Brevemente, una delle rarissime regole universali dello spionaggio, consiglia ai servizi segreti stranieri di non praticare omicidi in altrui Nazioni; questo è accaduto invece quando il 9 gennaio 2013, a Parigi, tre dirigenti del Pkk, Partito dei lavoratori del Kurdistan, Leyla Söylemez, Sakine Cansiz e Fidan Dogan, furono assassinati “sembra” dal controspionaggio turco; le successive conseguenze giudiziarie sono ancora aperte. Il Mit ed il Mossad, fino al 2010 risulta che avessero buoni rapporti di collaborazione, le aree d’interesse comune erano molteplici, per prima Siria e Libano, ma anche Iraq e Libia. Oggi una delle aree critiche per il controspionaggio turco oltre la Siria è la Germania, dove esiste una comunità Turca radicata, numerosa ed inserita, anche politicamente, tale situazione crea spesso attriti tra i rispettivi servizi segreti. Anche “l’affaire” Fethullah Gülen, il fallito pseudo colpo di Stato contro Erdogan, ancora ha i suoi effetti “epurativi” sui sospettati e complici in tutta la Turchia.
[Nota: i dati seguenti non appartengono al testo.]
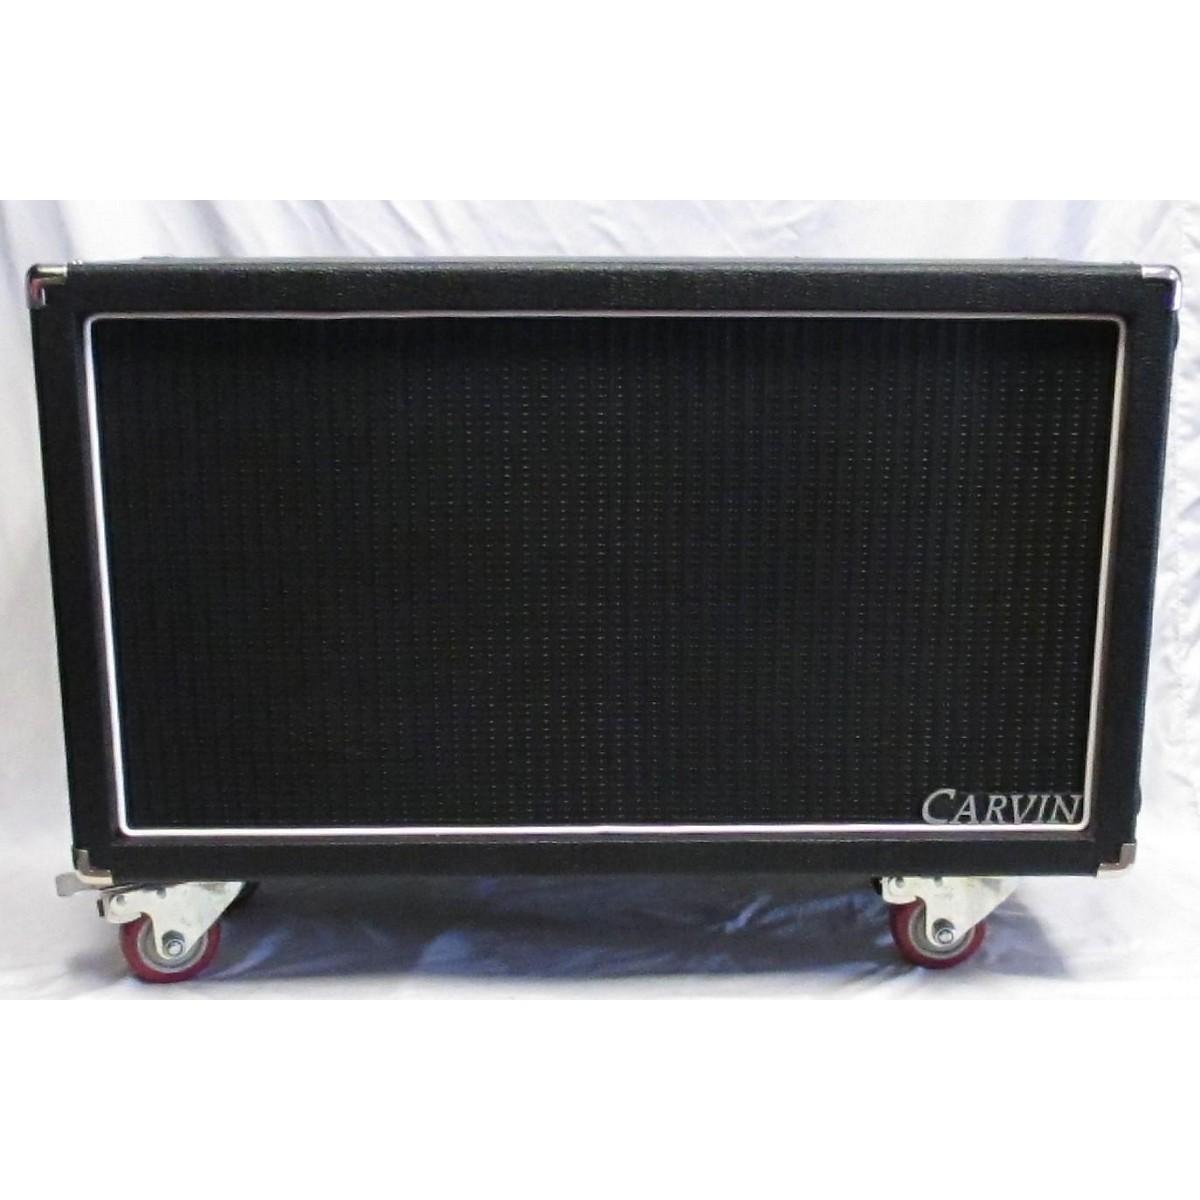 Carvin VX212 Tube Guitar Amp Head

Tuttavia l’area nella quale l’intelligence turca ha obiettivamente influenza è il Corno d’Africa, in particolare per i loro strategici rapporti con formazioni jihadiste; non è una novità che proprio la Turchia intratteneva relazioni commerciali con lo Stato islamico (Isis), ed il semplice “trasferimento” di Silvia Romano in compagnia degli agenti dei Servizi turchi, da un accampamento di Al-Shabaab situato a trenta chilometri da Mogadiscio alla capitale somala, è un’ulteriore conferma.